First, it appears to be like like one thing could be very fallacious with you. You get quieter. You cease performing. You decline the invites you used to simply accept out of obligation. Your circle shrinks. The folks round you—nonetheless contained in the cult—don’t perceive it, and a few of them take it personally. As a result of within the cult, withdrawing is essentially the most threatening factor you are able to do. The cult wants your participation to outlive.
However one thing else occurs too. Because you’ve already been deserted by the individuals who couldn’t observe you into honesty, abandonment loses a few of its energy. You cease mendacity to your self to remain related. You begin seeing the implicit agreements you’ve been making your entire life—all of the methods you made a take care of the group, traded items of your self for belonging, and known as it love.
You begin seeing clearly. And readability, it seems, is each the reward and the grief of this entire course of.
The Each/And of It
Right here’s what nobody tells you about leaving the cult of individuals: it doesn’t really feel like freedom instantly. It seems like loss. It seems like loneliness. It feels such as you made a horrible mistake.
And on the similar time, beneath all of that, one thing else is rising. One thing quieter and steadier. A self that isn’t performing. A voice you’ll be able to really belief. An inside compass that works as a result of it isn’t being scrambled by everybody else’s alerts.
That is the each/and that therapeutic really appears to be like like—not both/or, not damaged or healed, not misplaced or discovered. Each. Concurrently. Breaking down and breaking via on the similar time. Unhappy and longing and likewise, someplace beneath it, understanding you deserve higher. Making all the suitable selections and nonetheless watching issues collapse. Listening to the voices in your head that tear you down and nonetheless—nonetheless—holding the youthful model of your self with kindness.

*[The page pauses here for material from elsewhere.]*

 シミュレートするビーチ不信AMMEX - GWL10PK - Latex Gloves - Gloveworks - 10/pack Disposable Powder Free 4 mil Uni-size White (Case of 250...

That’s not weak spot. That’s what it really appears to be like wish to be a human being in the course of changing into extra trustworthy.
The Highway to Freedom
I’m not totally deprogrammed. I don’t know if that’s even the objective. I nonetheless get lonely. I nonetheless typically really feel the pull to earn my manner again into rooms that value me an excessive amount of. I nonetheless grieve the connections that couldn’t survive my changing into extra myself.
However I’m extra snug with the disappointment than I was. It doesn’t scare me prefer it did. I’ve discovered to sit down with myself in a manner I couldn’t earlier than—not as a result of the discomfort went away, however as a result of I ended operating from it.
That is what I do know now: the identical factor meaning nobody goes to save lots of you can also be the factor meaning nobody will get to cease you. The aloneness that felt like abandonment seems to even be the open street. While you cease organizing your life round what the group can tolerate, you discover out—perhaps for the primary time—what you really need. Who you really are. What you’re really able to.
That’s not a comfort prize.
That’s the street to freedom.
About Allison Briggs
Allison Jeanette Briggs is a therapist, author, and speaker specializing in serving to ladies heal from codependency, childhood trauma, and emotional neglect. She blends psychological perception with religious depth to information shoppers and readers towards self-trust, boundaries, and genuine connection. Allison is the creator of the upcoming memoir On Being Actual: Therapeutic the Codependent Coronary heart of a Girl and shares reflections on therapeutic, resilience, and inside freedom at on-being-real.com.